# xsd ref auf element oder typen verwenden?



## ARadauer (13. Nov 2013)

Beschäftige mich das erste mal intensiver mit xsd.. schönes Beispiel hier
XML Schema Example

Untere Hälfte...
Divide the Schema
.. ok klar Elemente auslagern und darauf verweisen

Using Named Types
...mhn ja auch klar complexe Typen wiederverwenden

Scheint mir jetzt aber ziemlich ähnlich. . Sehe keinen objektiven Vorteil dsr einen oder anderen Variante. .

Wo ist der unterschied,  was ist besser, üblicher?


----------



## dzim (20. Nov 2013)

Puh... Ich musste da auch mir erst einmal wieder einen Überblick verschaffen - ein Jahr nix grösseres mit XML gemacht und schon ist man wieder raus.

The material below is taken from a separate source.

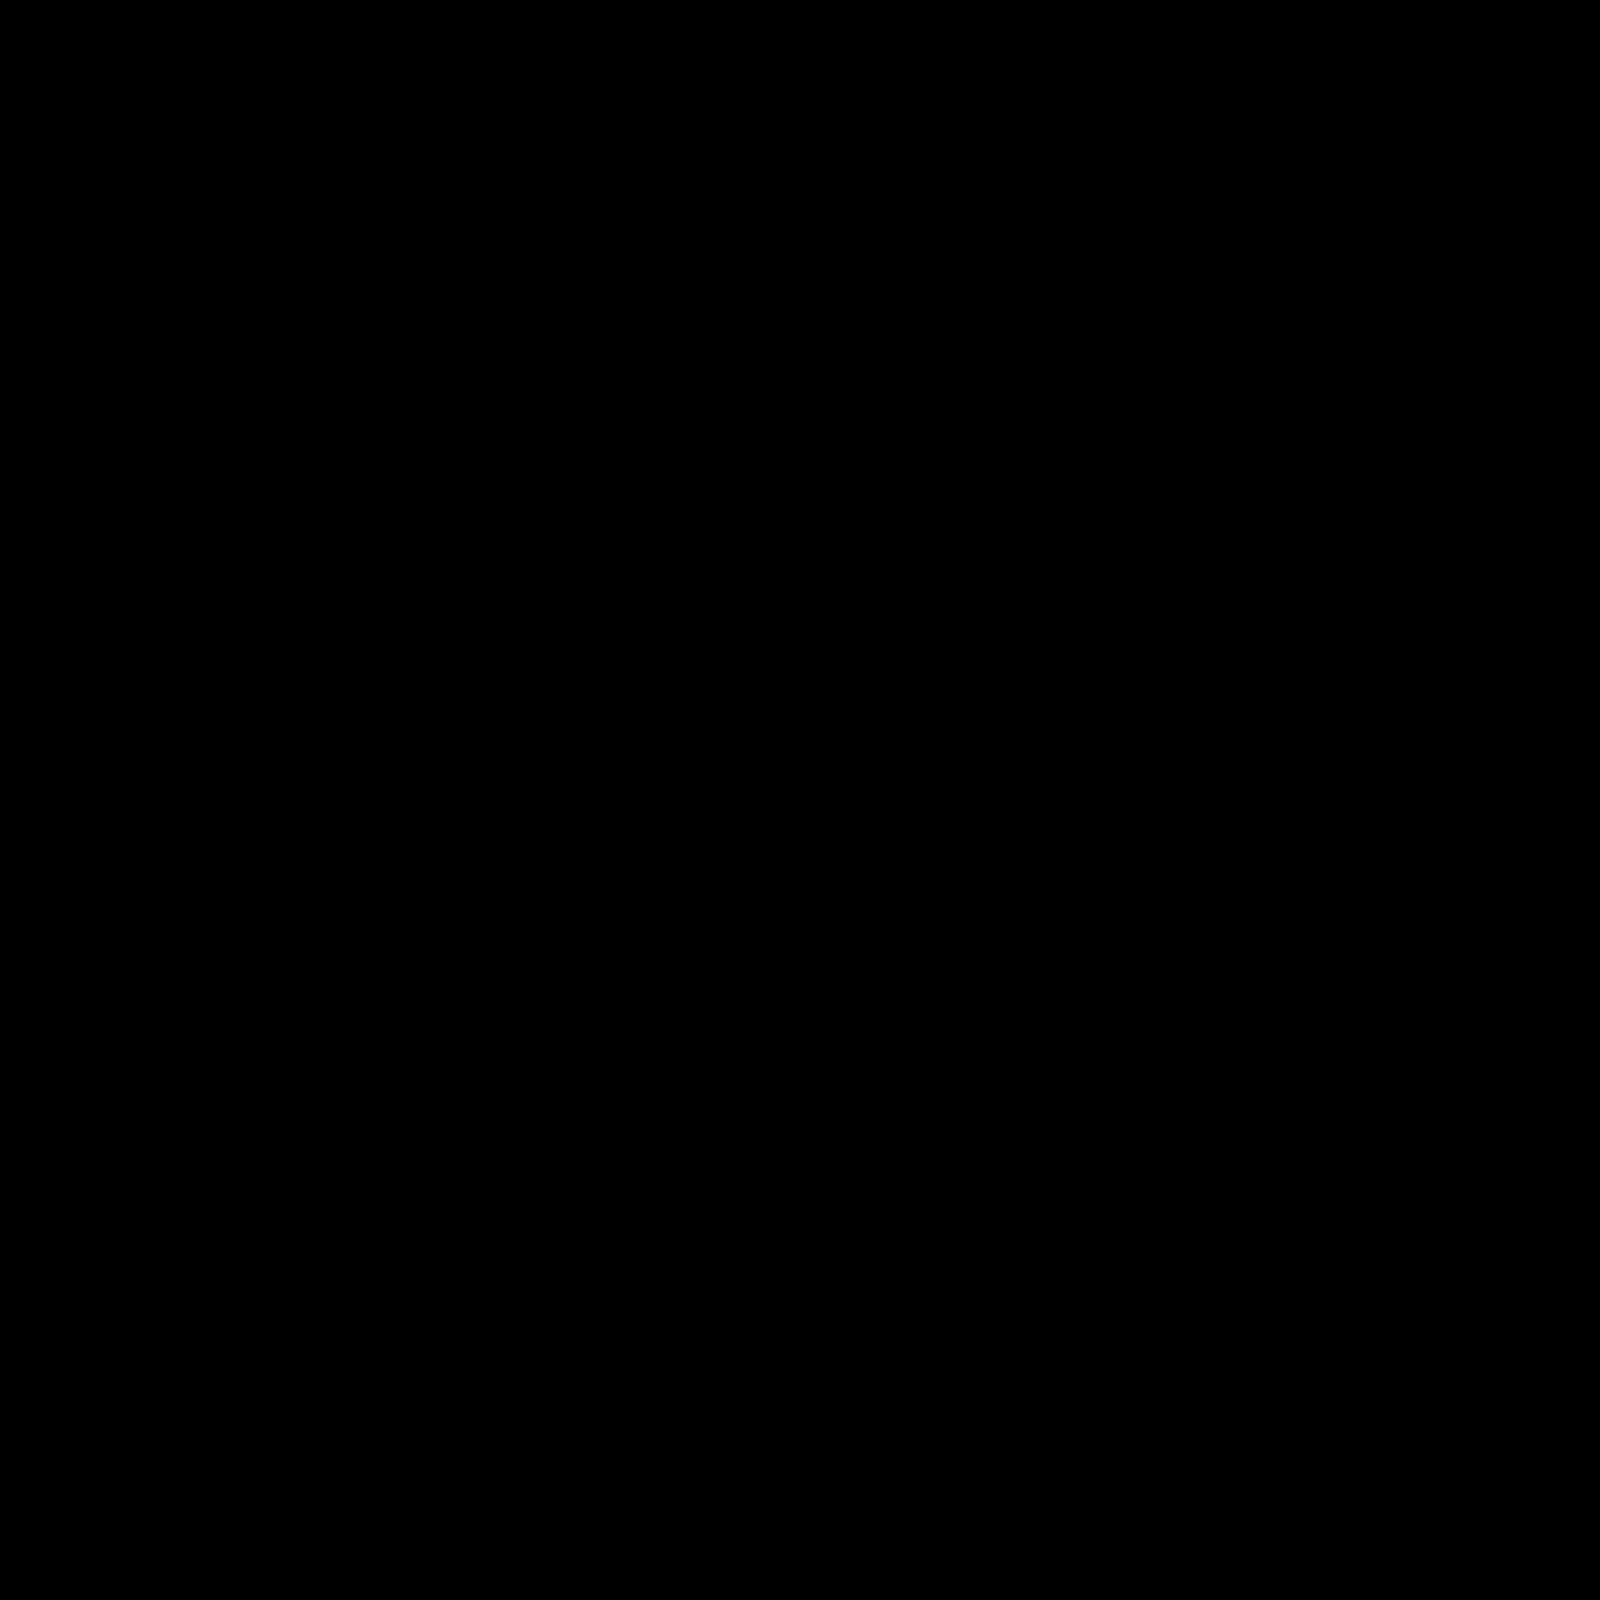 Japan Map icon

Naja der Unterschied ist wirklich marginal. Lustigerweise habe ich genau die "Using Named Types"-Variante immer verwendet - allerdings nicht wissentlich. Ich habe die meisten Schemas mithilfe von Eclipse' XSD-Schema-Editor erstellt und der macht(e) das halt immer so. 
Ich persönlich finde diese Variante beim kurzen wieder-einmal-anschauen besser als die "Divide the Schema"-Variante, kann dir aber keine wirklich Hieb-und-Stichfesten Begründungen dafür geben.

Aber Danke, dass ich mich dank dir mal wieder damit beschäftigen konnte


----------



## dzim (20. Nov 2013)

Aber: Wenn du die Elemente, die du später verwenden willst definierst (Divide), dann ist das Schema an der Stelle mitunter komplexer, da du auch Sequences u.s.w. definieren musst.
Bei der definition von Klassen (Named Types) definierst du wirklich nur genau dieses Typ - nicht mehr und nicht weniger - wie du ihn verwendest, hangt dann davon ab, wo du ihn einbistest - so ist es dann einfach, einmal ein Element in einer Choice und das nächste Mal in einer Sequence zu haben. Verstehst du, was ich meine? Vergleiche noch einmal ganz konkret die jeweilige Typendefinition, dann siehst du vielleicht was ich meine.

Und damit habe ich auch den Grund gefunden, warum mir Named Types am besten gefallen - ist meiner Ansicht nach die flexibelste  der Möglichkeiten.


----------